Python Crawler combat - take you to parse different famous quotes website ❤️ | August more text challenge

This is the 8th day of my participation in the August More Text Challenge. For details, see:August is more challenging

1. Enter the url

Quotes.toscrape.com/, go to the homepage of the website, observe the structure of the page, we found that the content of the page is very clear.

It is mainly divided into three main fields: famous quotes, author and label, and the contents of the three fields are extracted this time.

2. Identify requirements and analyze web page structure

Open the developer tool and click Networ for network data packet capture analysis. The website makes requests in get mode without parameters, so we can simulate the request by using the GET () method in the request library. Headers request is required to simulate the browser information verification. Prevent being detected by the web server as a crawler request.

You can also click on the little leftmost arrow in the developer tool to help you quickly locate where the Web data is on the Element TAB.

3. Parse the structure of the web page and extract data.

After the request is successful, we can start to extract the data. I’m using the xpath parsing method, so first parse the xpath page, click on the leftmost arrow, can help us quickly locate the data, the page data in the Element TAB. Since the data is sorted in a list of requests, we can locate the entire list first. Through THE HTML parser in LXM, one field at a time, grab and save to the list, convenient for the next step of data cleaning.

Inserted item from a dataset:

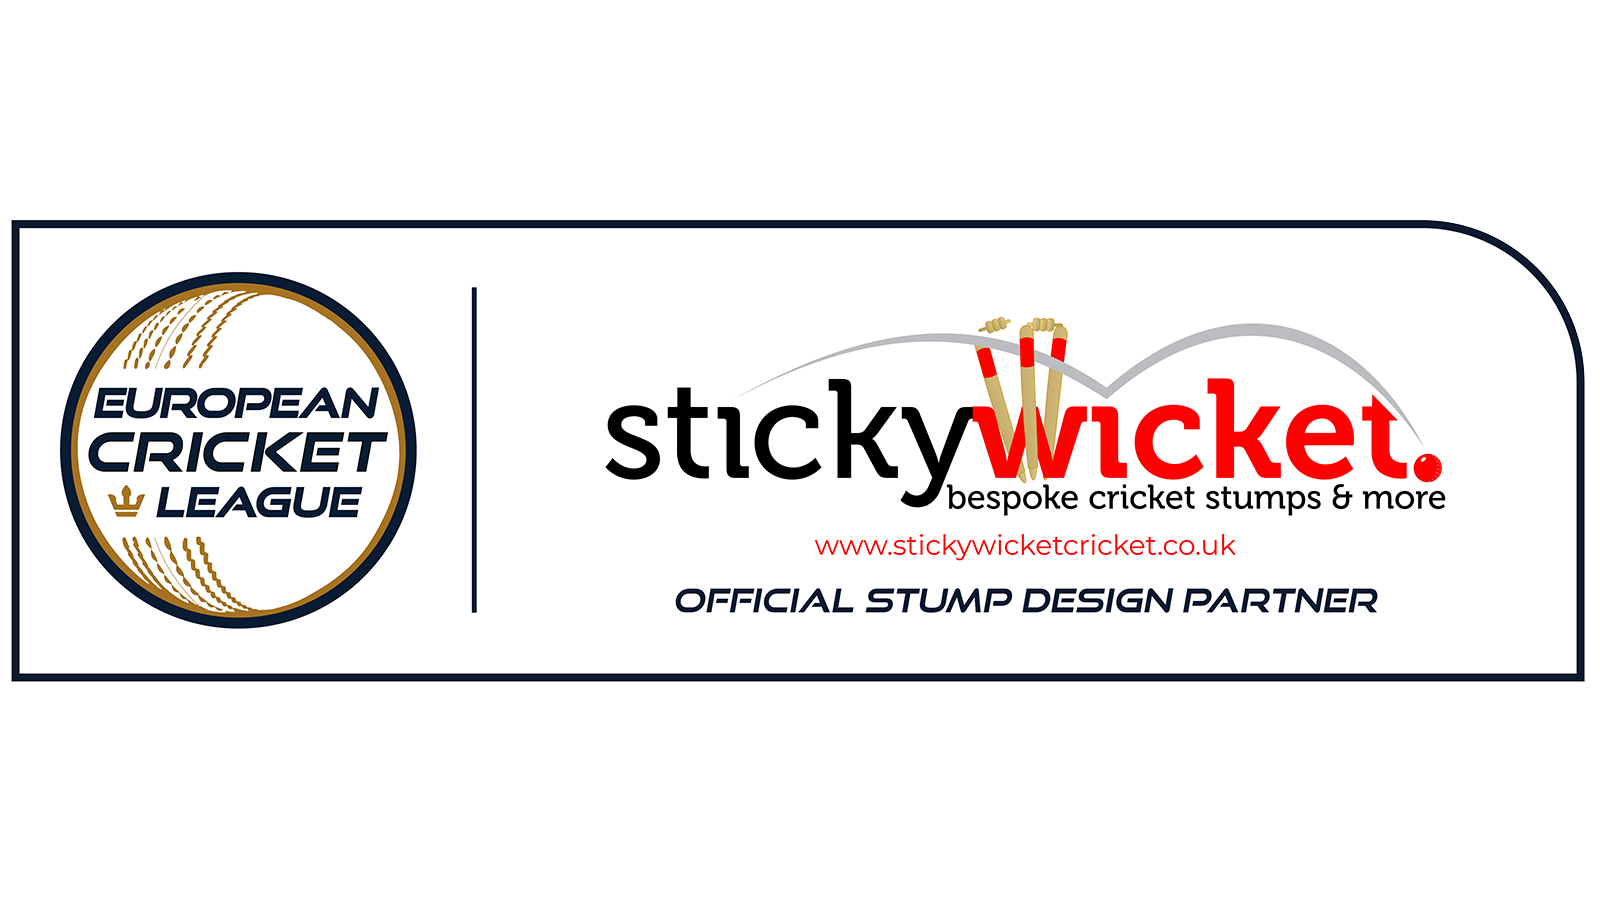 Sticky Wicket_1600x900 copy.png

4. Save the file to a CSV file.

5. Source sharing

import requests from lxml import etree import csv url = "https://quotes.toscrape.com/" headers = { 'user-agent': 'the Mozilla / 5.0 (Windows NT 10.0; WOW64) AppleWebKit / 537.36 (KHTML, Get (url,headers = headers).text HTML = eree.HTML(res) queto_list = html.xpath('//div[@class="col-md-8"]') lists = [] for queto in queto_list: Title = queto.xpath('./div[@class="quote"]/span[1]/text()' Queto. Xpath ('/div [@ class = "quote"] / span [2] / small/text () ') # quotes label tags = Queto.xpath ('./div[@class=" tags"]/ div[@class="tags"]/a[@class="tag"]/text()') # Lists. Append (authuor) lists. Append (tags) with open("./.csv",'w',encoding=' utF-8 ',newline='\n') as f: writer = csv.writer(f) for i in lists: writer.writerow(x)Copy the code

I am white and white I, a love to share knowledge of the program yuan ❤️

If you have no contact with the programming section of the friends see this blog, find do not understand or want to learn Python, you can directly leave a message + private I ducky [thank you very much for your likes, collection, attention, comments, one button four connect support]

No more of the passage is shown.